The renewable energy industry has grown substantially in recent years, despite the down economy. But while solar, wind and to a lesser extent, geothermal energy put up solid growth numbers, the bioheating market has lagged behind
The reasons are simple enough. Low rates of new construction, a declining housing market and lower oil prices have made capital intensive investments in wood pellet, chip and gasifying systems a tough sell.
But the signs of recovery are now being seen in this space. Consumer demand is improving and policymakers are placing renewable heating higher up on their energy agendas. In the last six months, the American Renewable Biomass Heating Act of 2010 (S.3188) was introduced in Washington, D.C. The bill would add renewable heating systems to the list of technologies that qualify for federal renewable energy tax credits. New state- and utility-level incentives were also created in New Hampshire, with more expected in other Northeast states.
Charile Neibling, chairman of the Biomass Thermal Energy Council (BTEC) and general manager of New England Wood Pellet, said the policies being put in place at the government and utility level signal a return to pre-recession thinking, when oil was expensive and both consumers and corporations were looking to be more eco-friendly. The result, he said, is that the industry is seeing momentum return, leading leading policy makers and utilities to put incentives in place to help get the market moving again.

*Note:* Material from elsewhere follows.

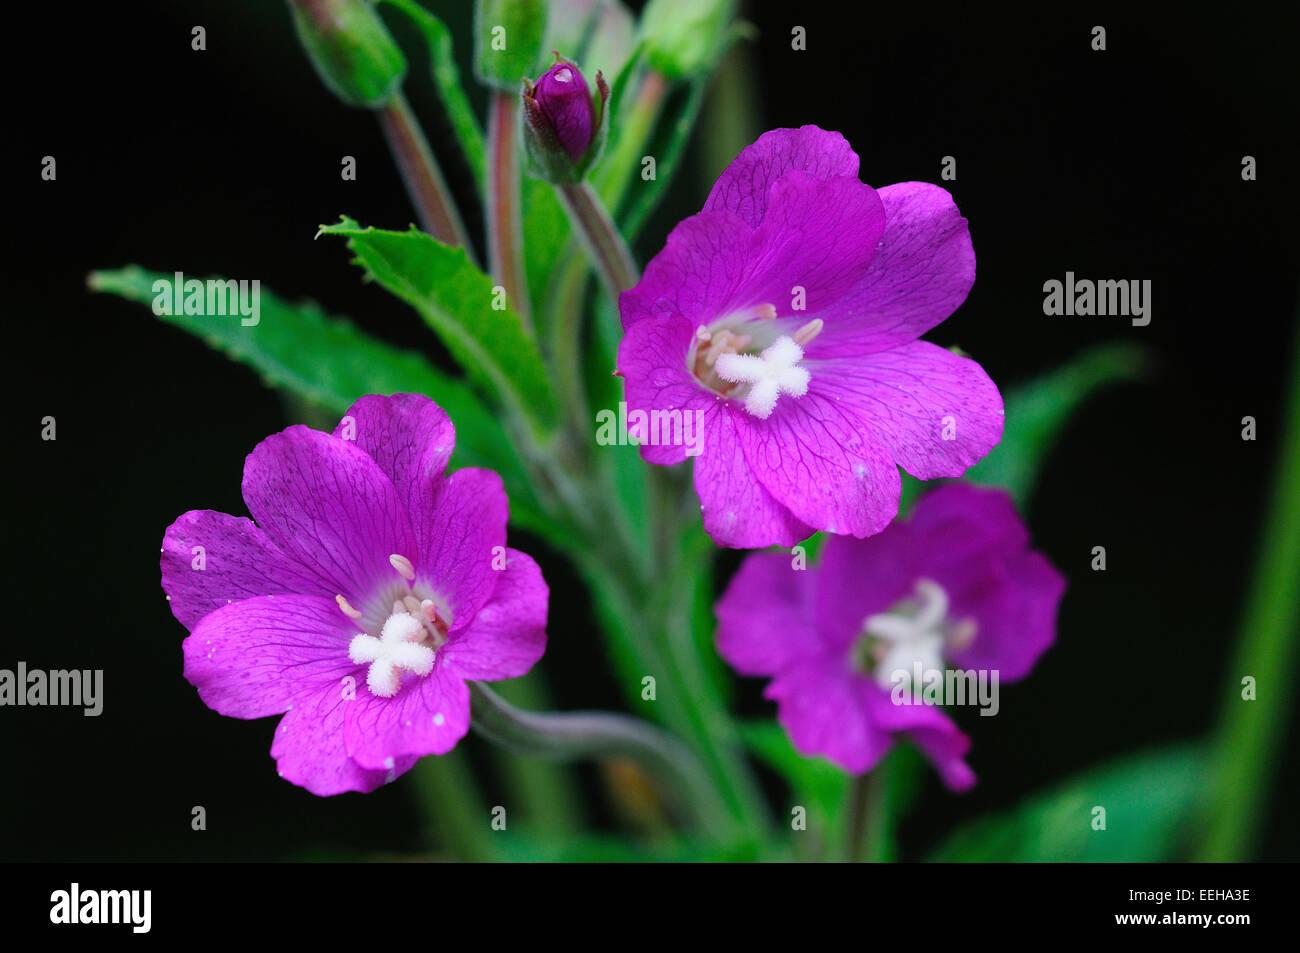 great willowherb, epilobium hirsutum - Stock Image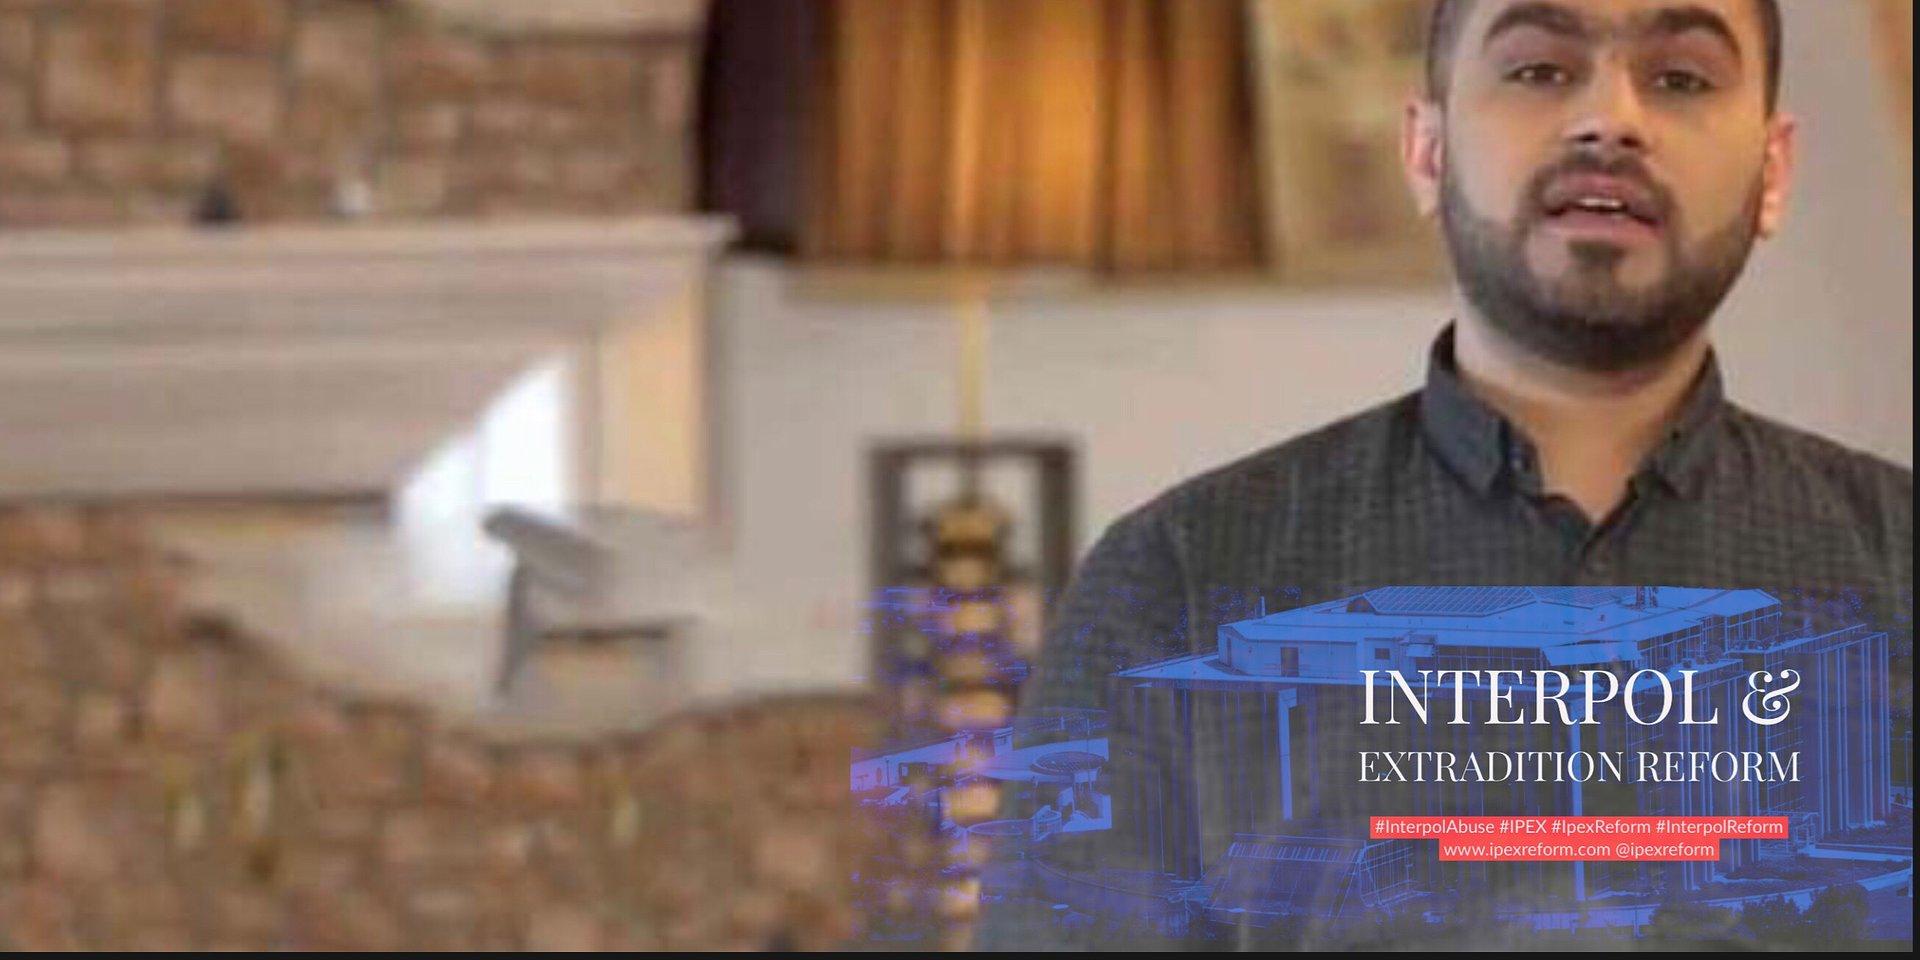 Interpol's role in Saudi's extradition of Osama al-Hasani

"In Washington, there are three pieces of legislation we're working on. All of them are demand side incentives for commerical, residential and industrial applications for high efficiency biomass thermal technologies," Neibling said. "The utilities, which have historically been focused solely on electricity, are starting to view their role more expansively and are viewing the efficiency monies that they administer in a more technology and fuel neutral way, and that's a really encouraging sign."